All the arguments that can be set by users are:

  1. --dp-size: global data parallel size, must be set
  2. --tp-size: tensor parallel size, default 1
  3. --dp-size-local: local data parallel size, defaultly set to dp_size
  4. --dp-rank-start: Starting rank for data parallel, default 0
  5. --dp-address: IP address of data parallel master node
  6. --dp-rpc-port: Port of data parallel master node, default 12345
  7. --vllm-start-port: Starting port of vLLM serving instances, default 9000

An example of running external DP in one single node:

cd examples/external_online_dp
# running DP4 TP4 in a node with 16 NPUs
python launch_online_dp.py --dp-size 4 --tp-size 4 --dp-size-local 4 --dp-rank-start 0 --dp-address x.x.x.x --dp-rpc-port 12342

An example of running external DP in two nodes:

cd examples/external_online_dp
# running DP4 TP4 in two nodes with 8 NPUs each

# On node 0:
python launch_online_dp.py --dp-size 4 --tp-size 4 --dp-size-local 2 --dp-rank-start 0 --dp-address x.x.x.x --dp-rpc-port 12342

# On node 1:
python launch_online_dp.py --dp-size 4 --tp-size 4 --dp-size-local 2 --dp-rank-start 2 --dp-address x.x.x.x --dp-rpc-port 12342

(Optional) Run dp_load_balance_proxy_server.py to load balance requests between external dp servers

External dp server means that you need to handle load balance between multiple dp instances out of vLLM by implementing your custom proxy server.
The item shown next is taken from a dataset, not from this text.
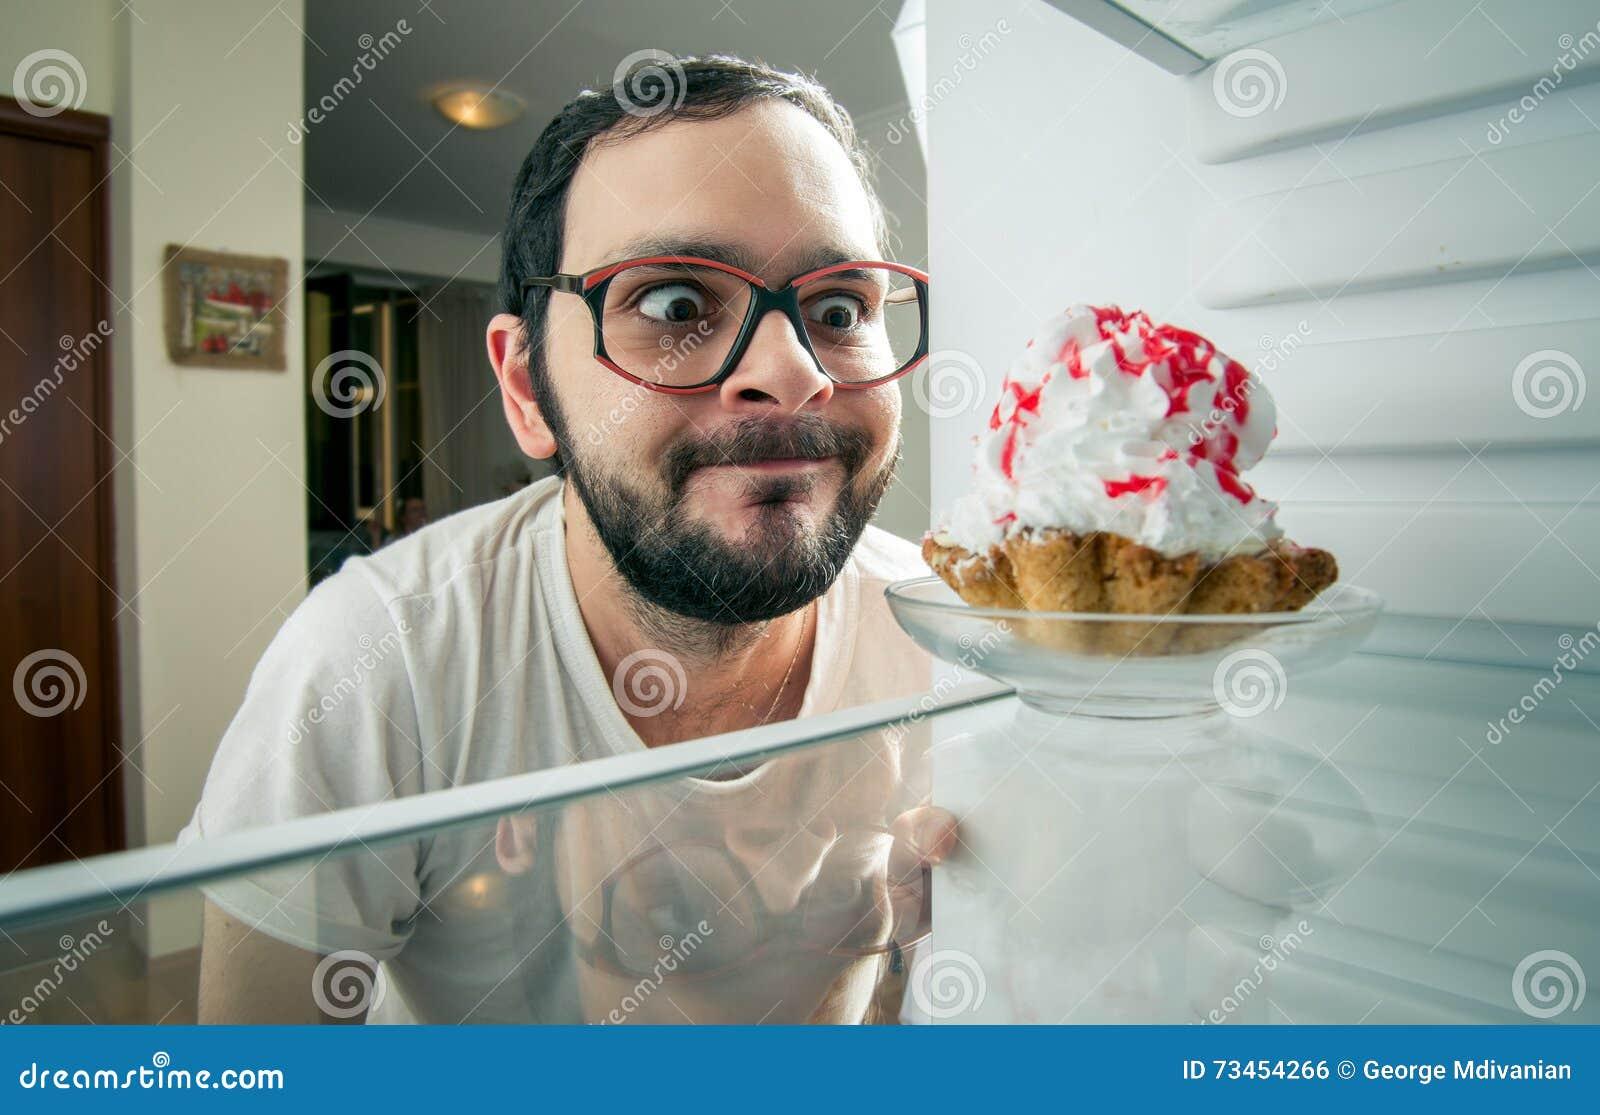 O homem vê o bolo doce no refrigerador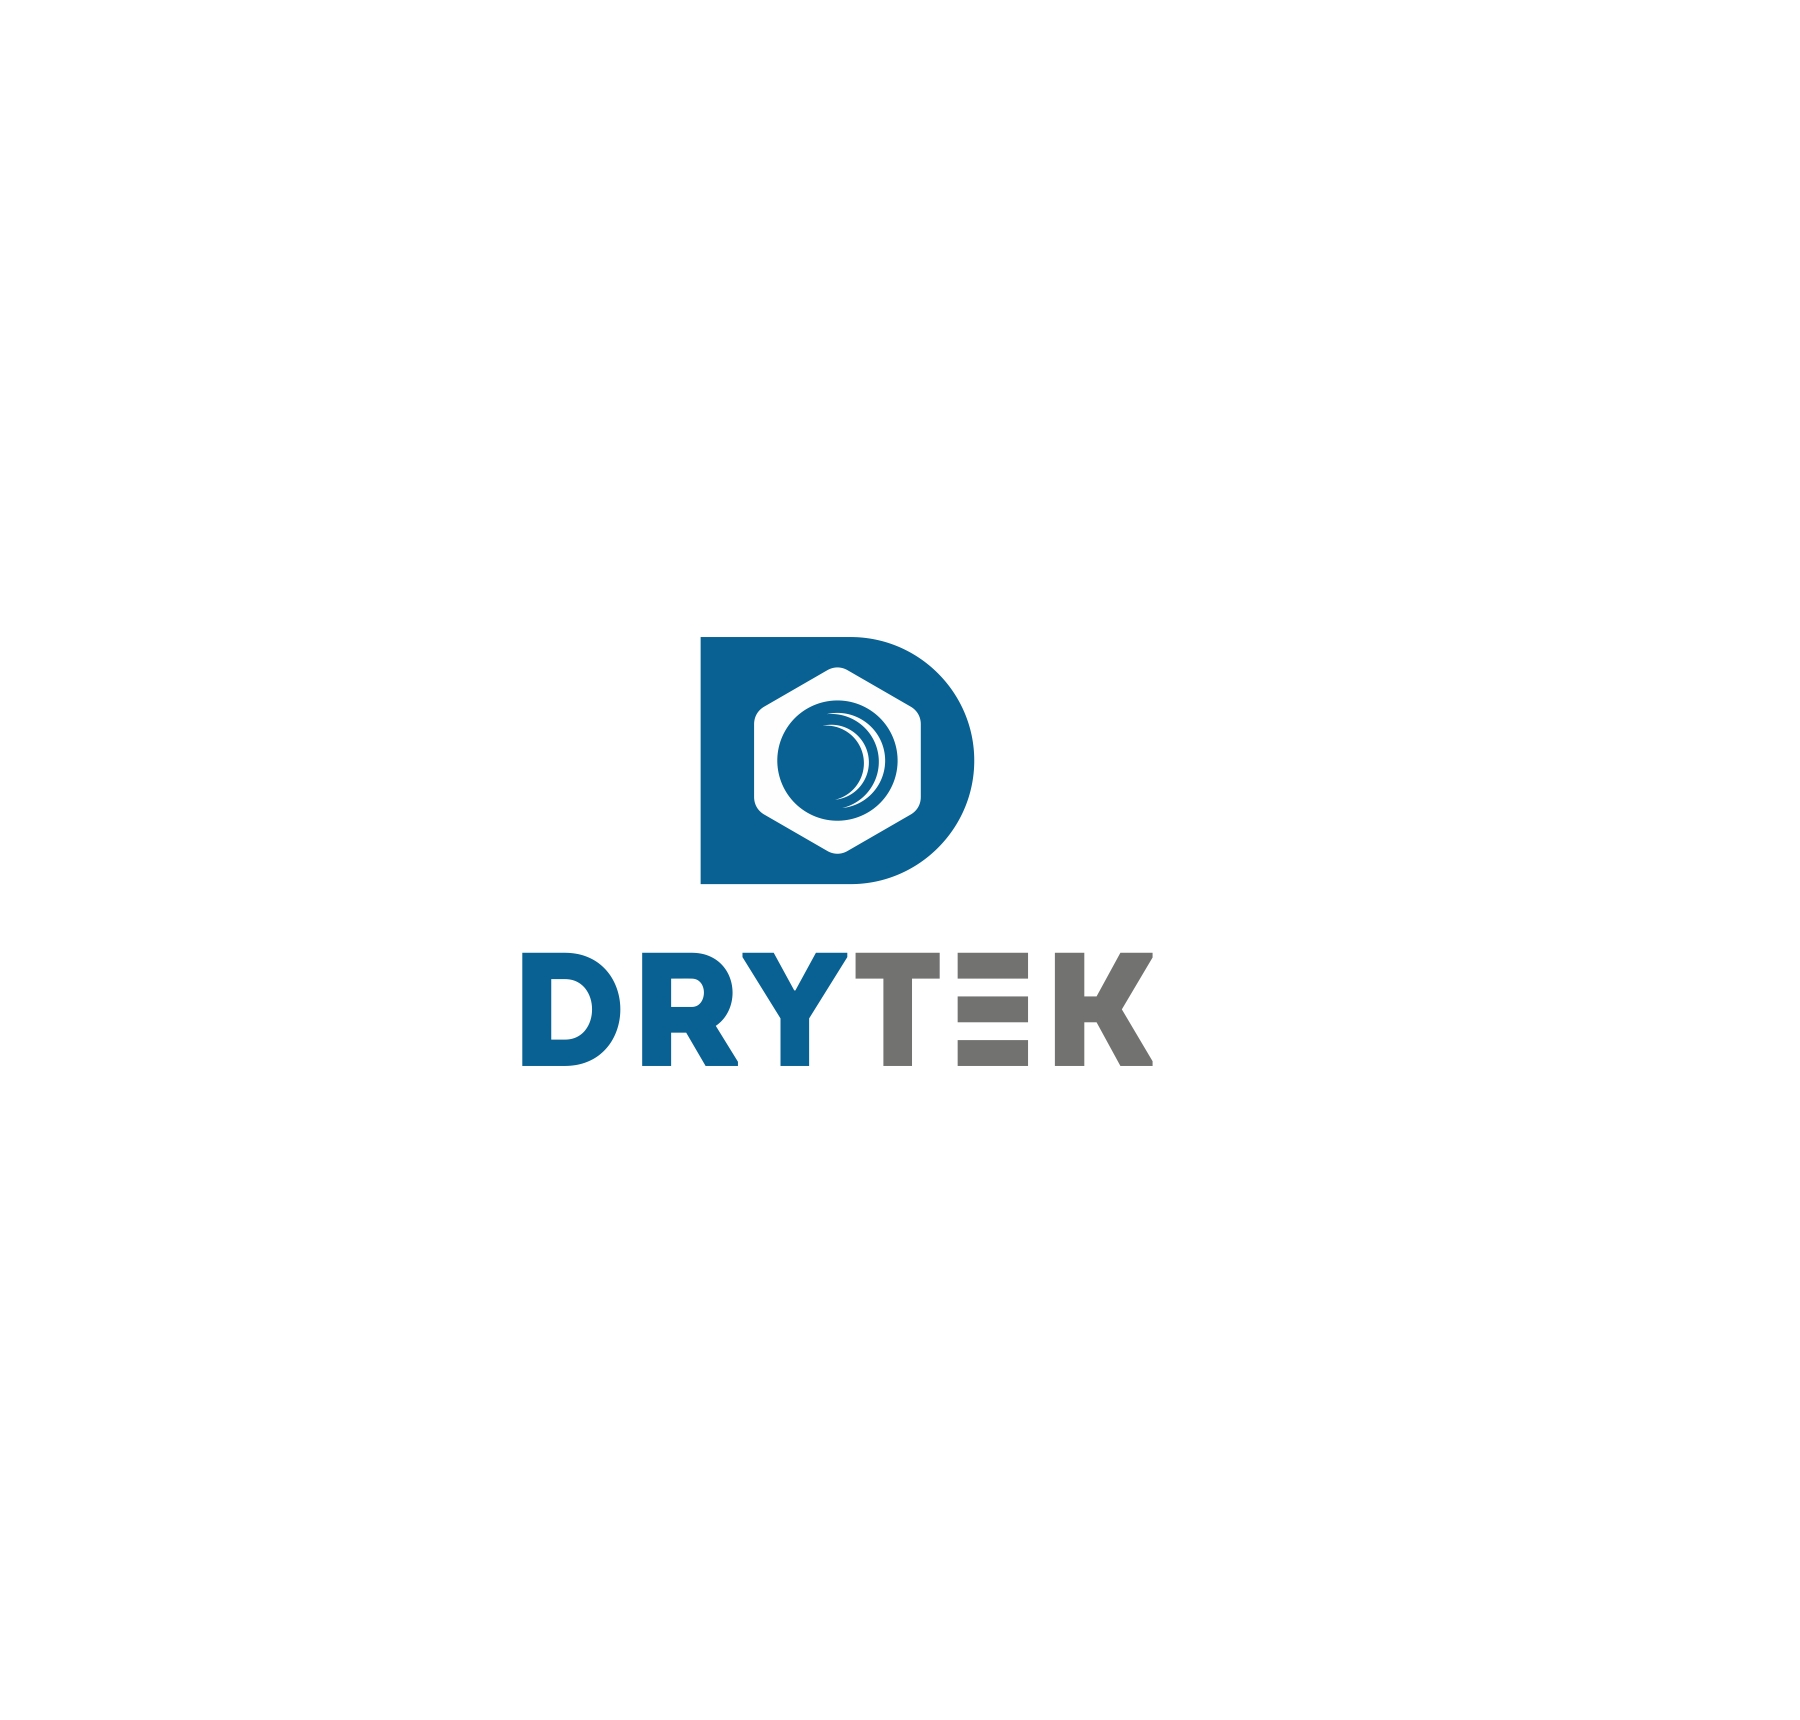 Создание логотипа для компании Drytek фото f_66059b629ded0b96.jpg

Here we provide an example of request-length-aware dp load-balance proxy server for you. The arguments of dp_load_balance_proxy_server.py include:

  1. --port: port of proxy server, default 8000
  2. --host: host address of proxy server, default localhost
  3. --dp-hosts: host addresses of external dp servers
  4. --dp-ports: ports of external dp servers, the number of dp ports should be the same as dp hosts.
  5. --max-retries: Max number of retries for HTTP requests, default 3

For example, if you have two external dp servers running in x.x.x.a:10001 and x.x.x.b:10002, then you can start the proxy server by:

python dp_load_balance_proxy_server.py --host x.x.x.c --port 8000 --dp-hosts x.x.x.a x.x.x.b --dp-ports 10001 10002

which will then serve as the entrypoint for inference requests at x.x.x.c:8000, and load balance coming requests between these two external dp servers according to request length.